▶ _TASK_
Although the data below contains pictures, output only the lines between those holding "Mayor de Blasio" and "24 Inches High", inclusive, exactly and without those pictures.

▶ _DATA TO USE_
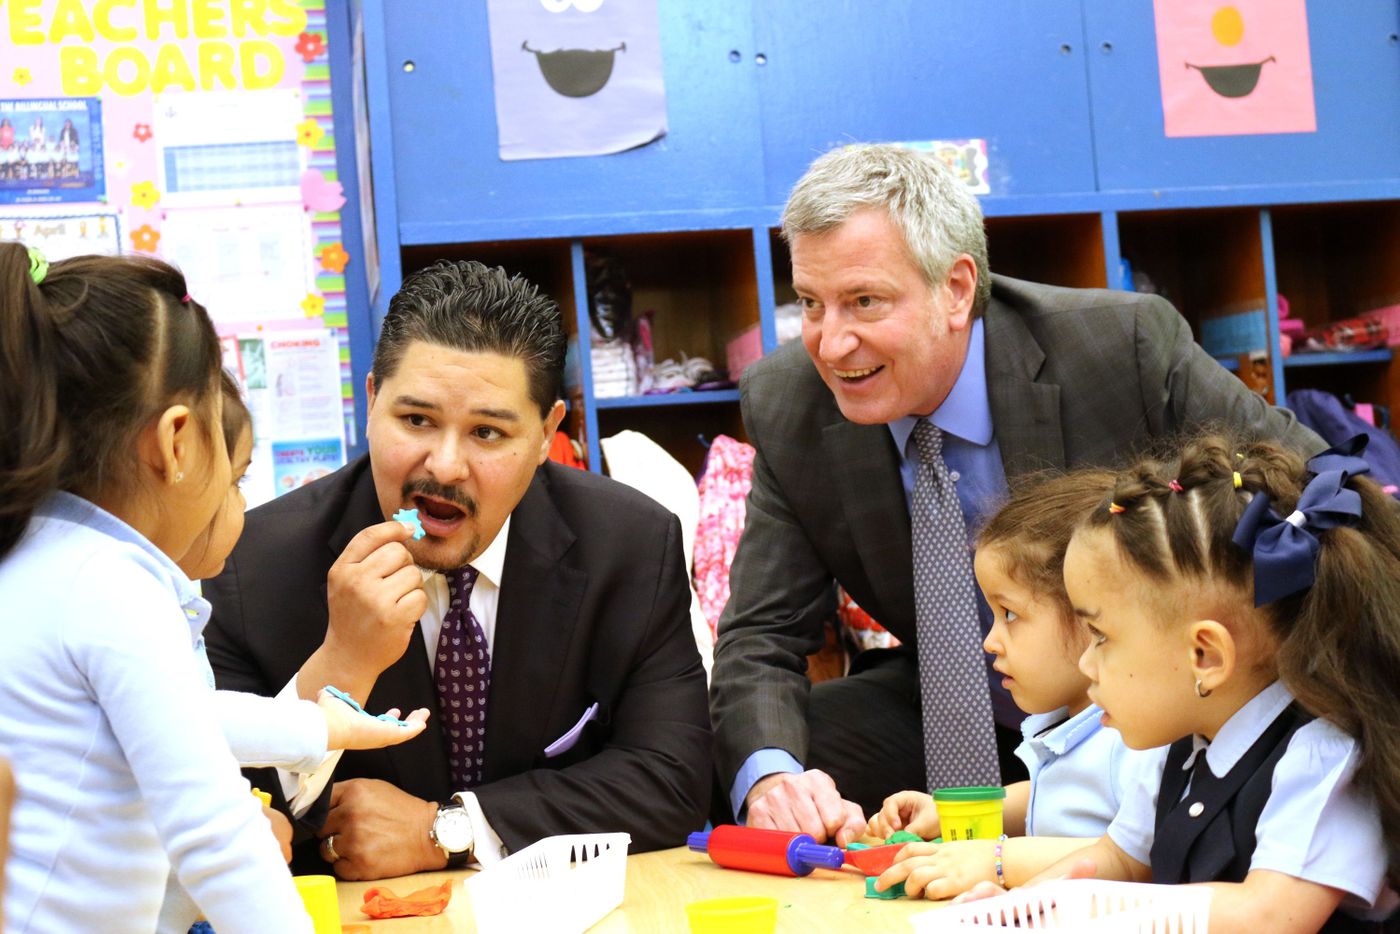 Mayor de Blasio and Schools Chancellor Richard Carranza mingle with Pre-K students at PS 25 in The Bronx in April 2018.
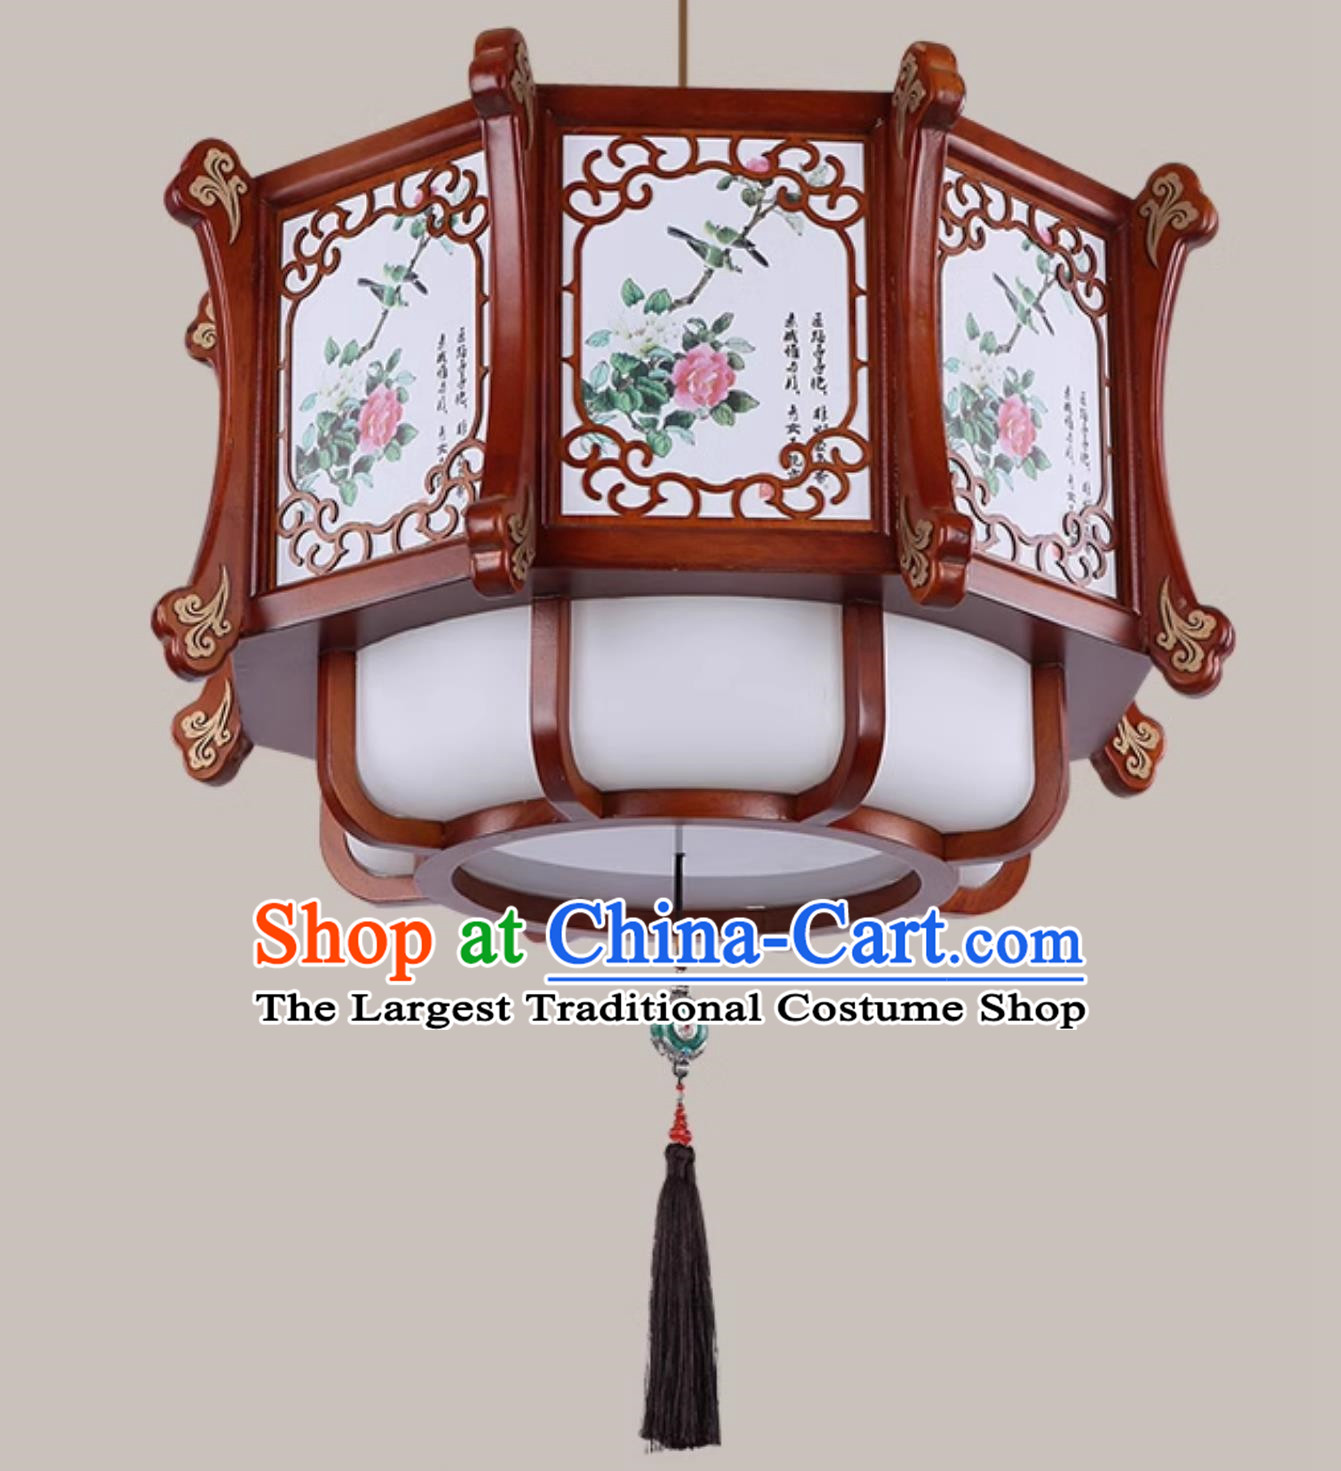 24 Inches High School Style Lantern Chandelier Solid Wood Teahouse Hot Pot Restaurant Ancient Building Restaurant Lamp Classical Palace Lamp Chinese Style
==
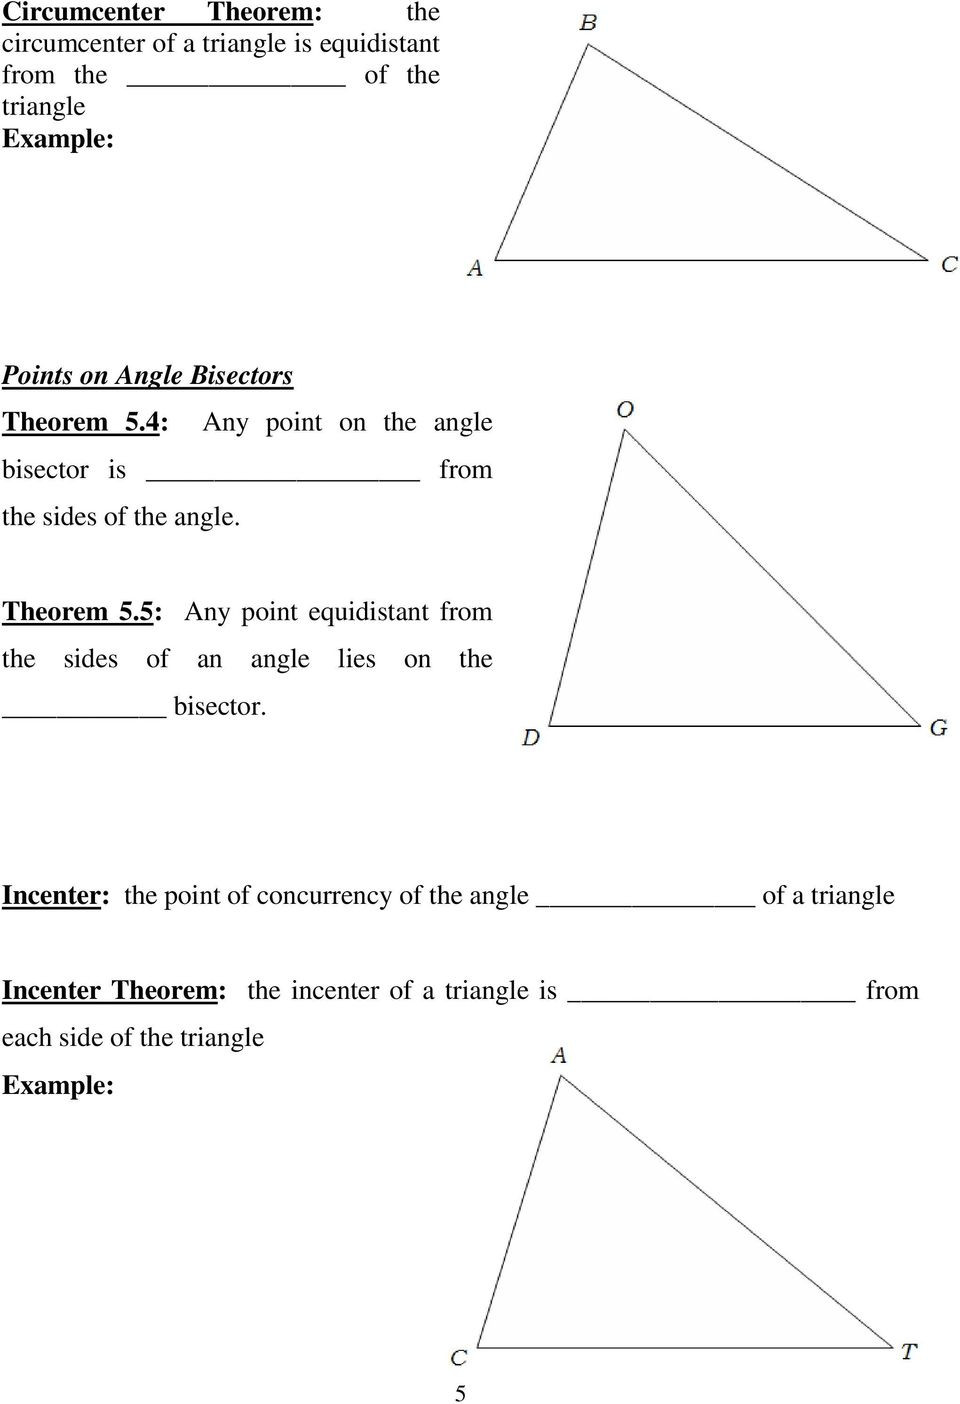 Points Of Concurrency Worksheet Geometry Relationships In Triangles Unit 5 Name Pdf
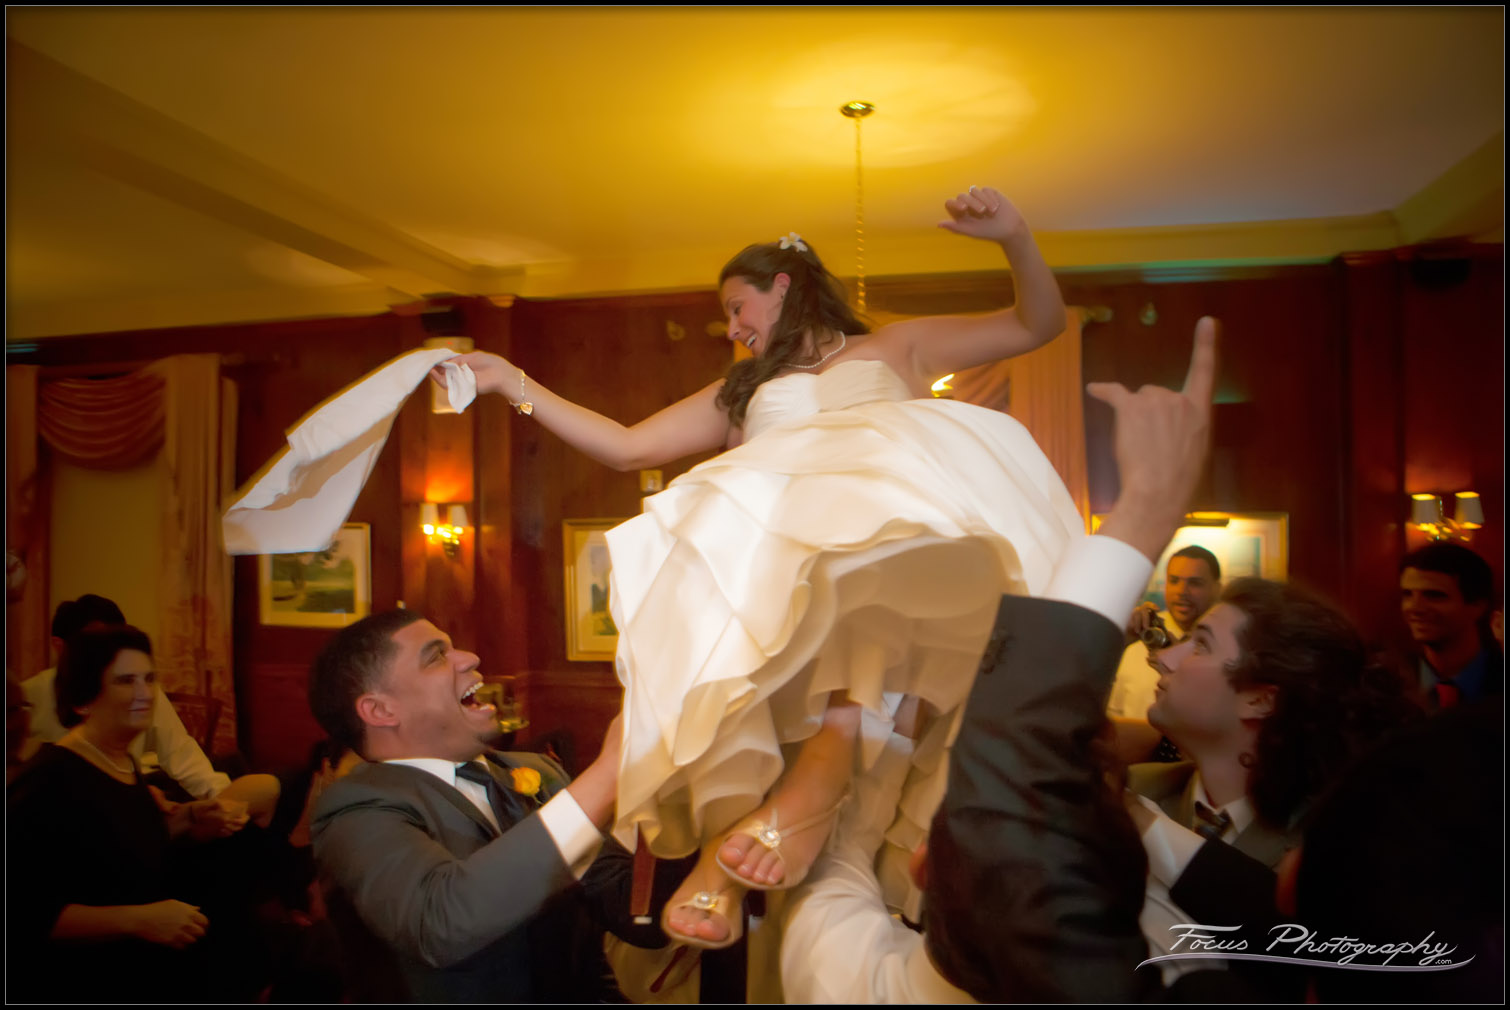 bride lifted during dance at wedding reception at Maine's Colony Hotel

▶ _EXERCISE OUTPUT_
 Mayor de Blasio and Schools Chancellor Richard Carranza mingle with Pre-K students at PS 25 in The Bronx in April 2018.
 24 Inches High School Style Lantern Chandelier Solid Wood Teahouse Hot Pot Restaurant Ancient Building Restaurant Lamp Classical Palace Lamp Chinese Style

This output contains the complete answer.